Update: this seems too close to the original post and too small for the separate one. Link to heading
Since the total amount of work is different previous benchmark results are actually hard to compare. So I’ve written another one:
@State(Scope.Thread)
@BenchmarkMode(Mode.AverageTime)
@Fork(3)
@OutputTimeUnit(TimeUnit.MILLISECONDS)
@Warmup(iterations = 3, time = 1, timeUnit = TimeUnit.SECONDS)
@Measurement(iterations = 5, time = 1, timeUnit = TimeUnit.SECONDS)

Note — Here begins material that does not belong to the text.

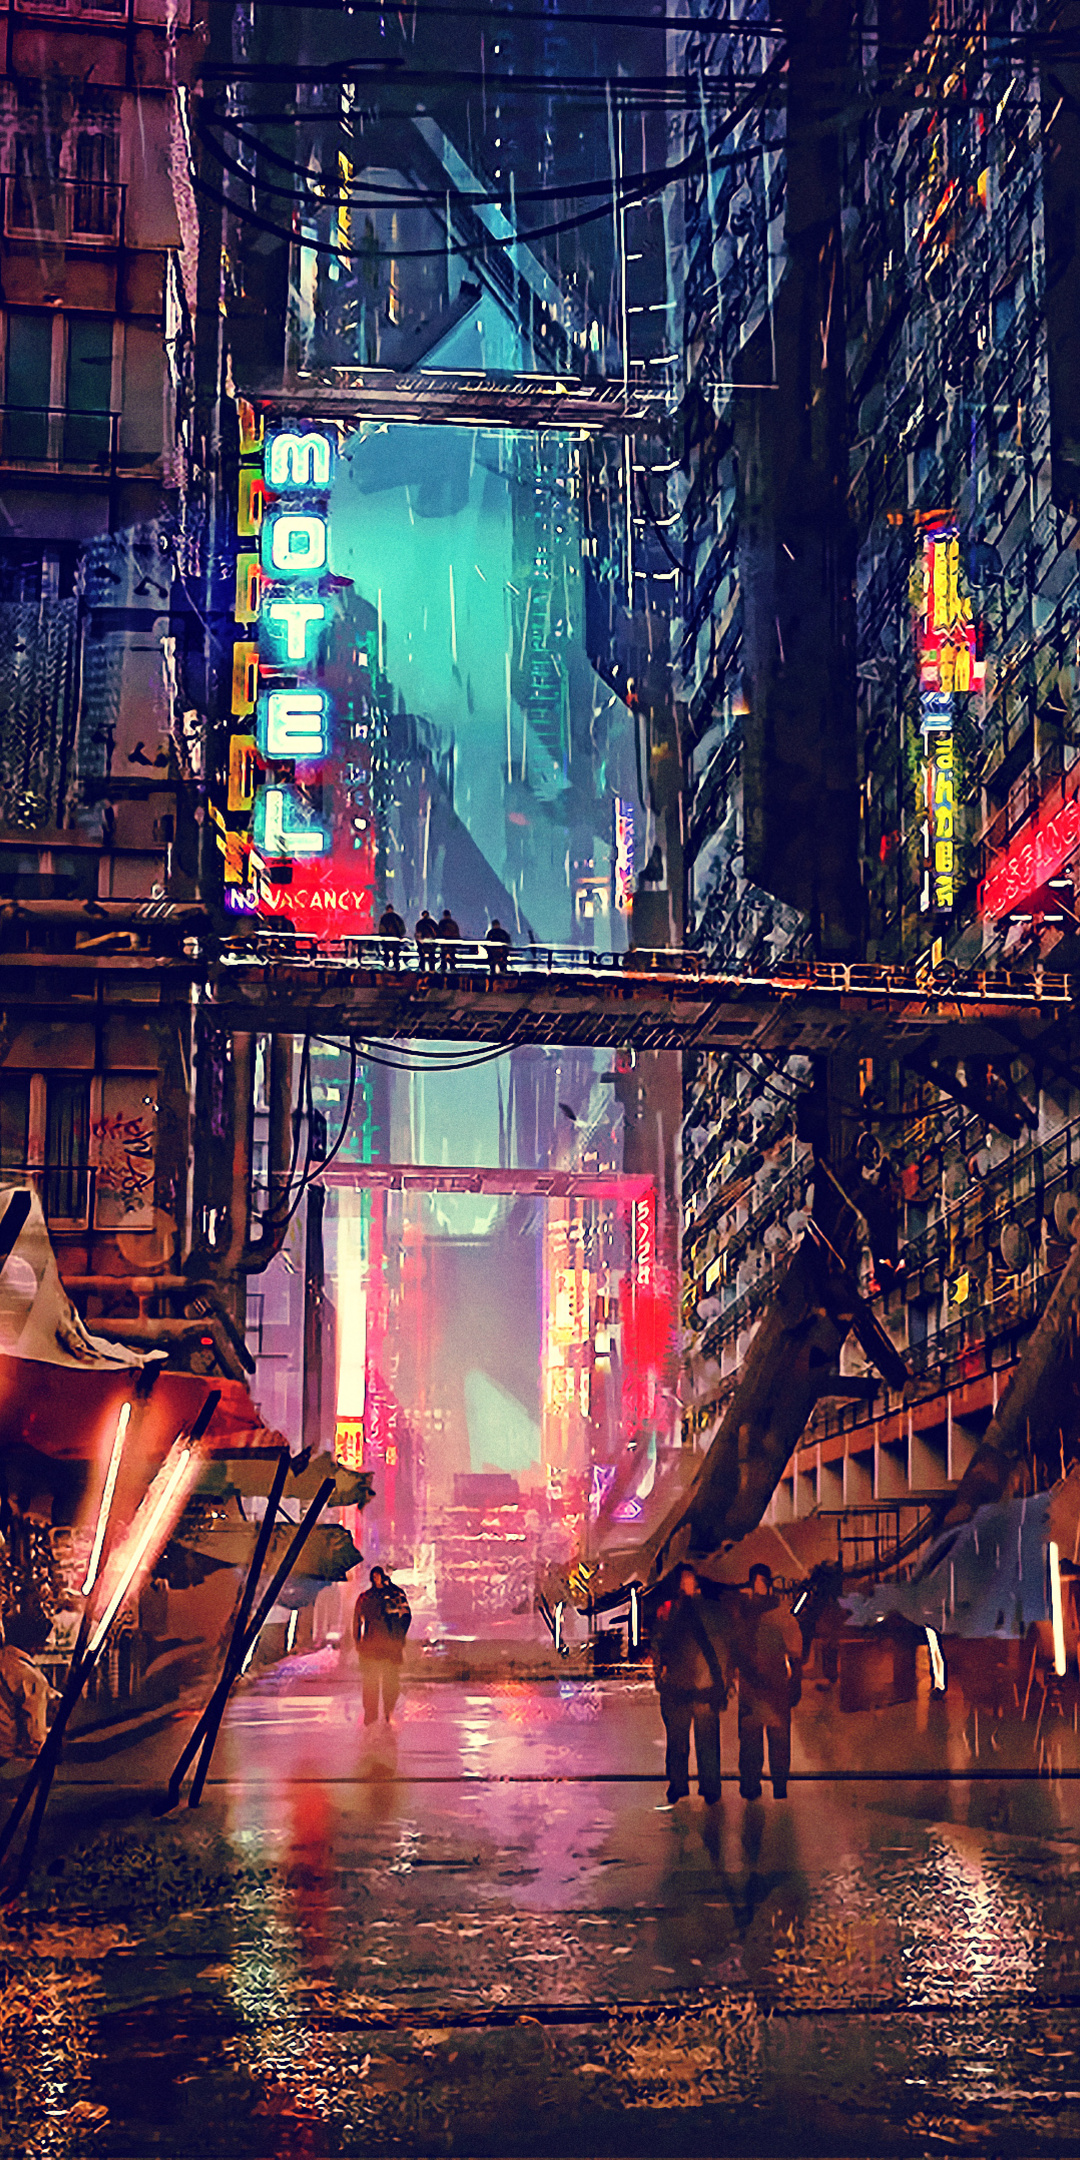 science-fiction-cyberpunk-futuristic-city-digital-art-4k-jf.jpg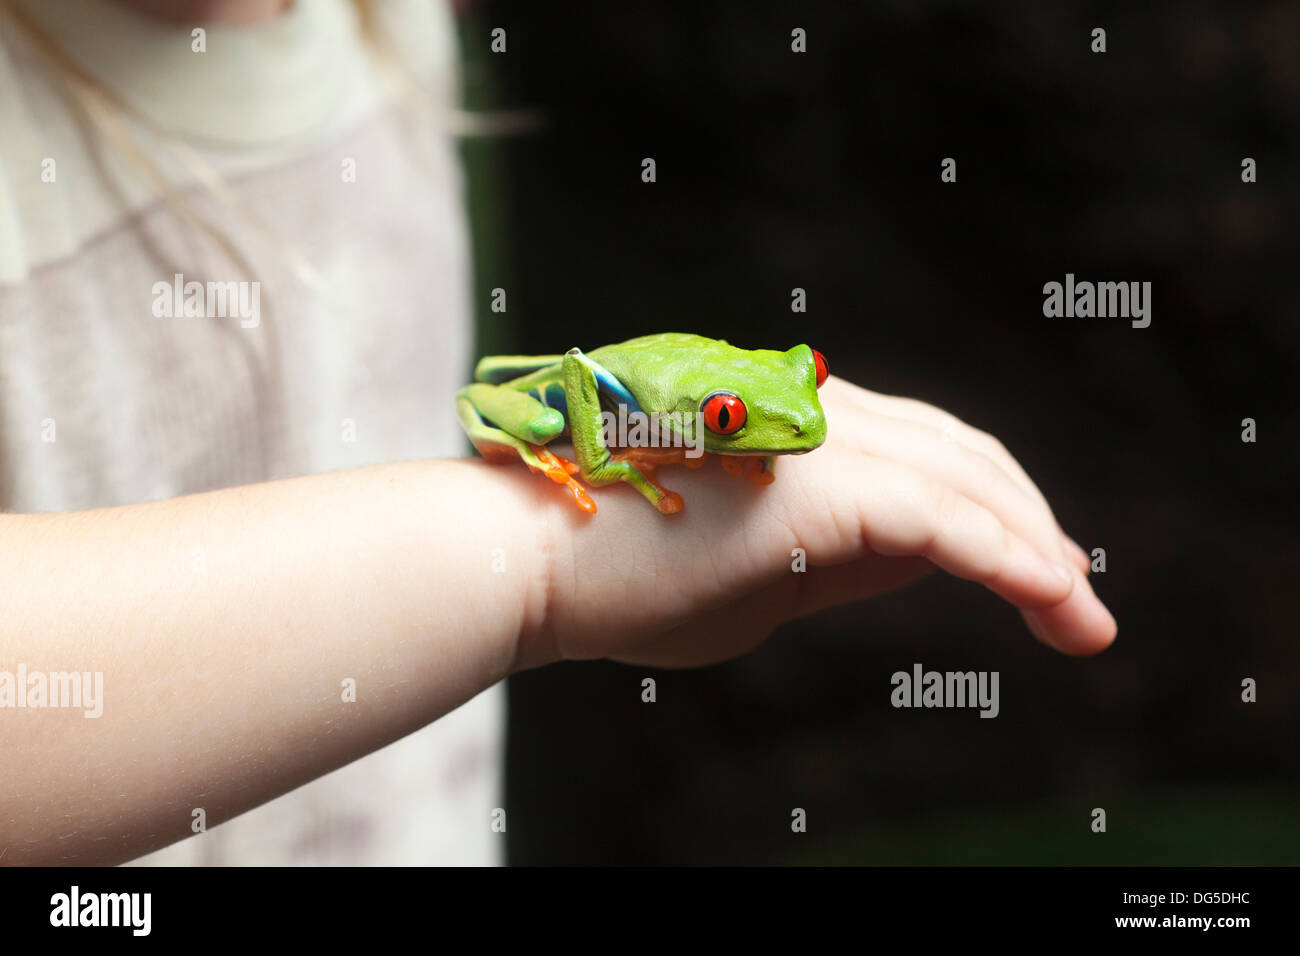 Rana arbórea de ojos rojos (Agalychnis callidyas) en la mano de una chica Foto de stock

public class ThreadsBenchmark {
@Param({"1", "2", "3", "4", "5", "6", "7", "8", "9", "10", "11", "12", "13", "14", "15", "16",
"17", "18", "19", "20", "21", "22", "23", "24", "25", "26", "27", "28", "29", "30", "31", "32",
"33", "34", "35", "36",
})
public String threads;
private static final int RESULTS = 128;
@Benchmark
public List<byte[]> bench() throws ExecutionException, InterruptedException {
try (var executor = Executors.newFixedThreadPool(Integer.parseInt(threads))) {
var futures = new ArrayList<Future<byte[]>>(RESULTS);
for (int i = 0; i < RESULTS; i++) {
futures.add(executor.submit(() -> {
var random = RandomGenerator.getDefault();
var bytes = new byte[1024];
for (int j = 0; j < 1024; j++) {
random.nextBytes(bytes);
}
return bytes;
}));
}
var result = new ArrayList<byte[]>(RESULTS);
for (int i = 0; i < RESULTS; i++) {
result.add(futures.get(i).get());
}
return result;
}
}
}
This produces the following result:
Benchmark (threads) Mode Cnt Score Error Units
ThreadsBenchmark.bench 1 avgt 15 57.861 ± 1.329 ms/op
ThreadsBenchmark.bench 2 avgt 15 31.279 ± 0.527 ms/op
ThreadsBenchmark.bench 3 avgt 15 26.376 ± 0.926 ms/op
ThreadsBenchmark.bench 4 avgt 15 20.307 ± 0.404 ms/op
ThreadsBenchmark.bench 5 avgt 15 16.930 ± 0.237 ms/op
ThreadsBenchmark.bench 6 avgt 15 15.026 ± 0.358 ms/op
ThreadsBenchmark.bench 7 avgt 15 12.878 ± 0.171 ms/op
ThreadsBenchmark.bench 8 avgt 15 11.145 ± 0.204 ms/op
ThreadsBenchmark.bench 9 avgt 15 10.054 ± 0.181 ms/op
ThreadsBenchmark.bench 10 avgt 15 8.818 ± 0.073 ms/op
ThreadsBenchmark.bench 11 avgt 15 7.942 ± 0.090 ms/op
ThreadsBenchmark.bench 12 avgt 15 7.389 ± 0.173 ms/op
ThreadsBenchmark.bench 13 avgt 15 7.010 ± 0.186 ms/op
ThreadsBenchmark.bench 14 avgt 15 6.285 ± 0.173 ms/op
ThreadsBenchmark.bench 15 avgt 15 5.920 ± 0.071 ms/op
ThreadsBenchmark.bench 16 avgt 15 5.459 ± 0.049 ms/op
ThreadsBenchmark.bench 17 avgt 15 5.347 ± 0.049 ms/op
ThreadsBenchmark.bench 18 avgt 15 5.262 ± 0.043 ms/op
ThreadsBenchmark.bench 19 avgt 15 5.225 ± 0.208 ms/op
ThreadsBenchmark.bench 20 avgt 15 4.773 ± 0.043 ms/op
ThreadsBenchmark.bench 21 avgt 15 4.744 ± 0.022 ms/op
ThreadsBenchmark.bench 22 avgt 15 4.635 ± 0.080 ms/op
ThreadsBenchmark.bench 23 avgt 15 4.643 ± 0.029 ms/op
ThreadsBenchmark.bench 24 avgt 15 4.610 ± 0.026 ms/op
ThreadsBenchmark.bench 25 avgt 15 4.641 ± 0.063 ms/op
ThreadsBenchmark.bench 26 avgt 15 4.597 ± 0.008 ms/op
ThreadsBenchmark.bench 27 avgt 15 4.595 ± 0.019 ms/op
ThreadsBenchmark.bench 28 avgt 15 4.622 ± 0.038 ms/op
ThreadsBenchmark.bench 29 avgt 15 4.524 ± 0.009 ms/op
ThreadsBenchmark.bench 30 avgt 15 4.518 ± 0.048 ms/op
ThreadsBenchmark.bench 31 avgt 15 4.472 ± 0.061 ms/op
ThreadsBenchmark.bench 32 avgt 15 4.455 ± 0.009 ms/op
ThreadsBenchmark.bench 33 avgt 15 4.432 ± 0.096 ms/op
ThreadsBenchmark.bench 34 avgt 15 4.495 ± 0.009 ms/op
ThreadsBenchmark.bench 35 avgt 15 4.516 ± 0.018 ms/op
ThreadsBenchmark.bench 36 avgt 15 4.528 ± 0.023 ms/op
A can draw several conclusions from these results. Really using more than 2x performance cores produce little value. However, nevertheless there is some value in using more cores including efficient ones. Also, there is no penalty at all. So usual technique of using a thread pool of size equal or greater to quantity of logical cores on the CPU should work just fine.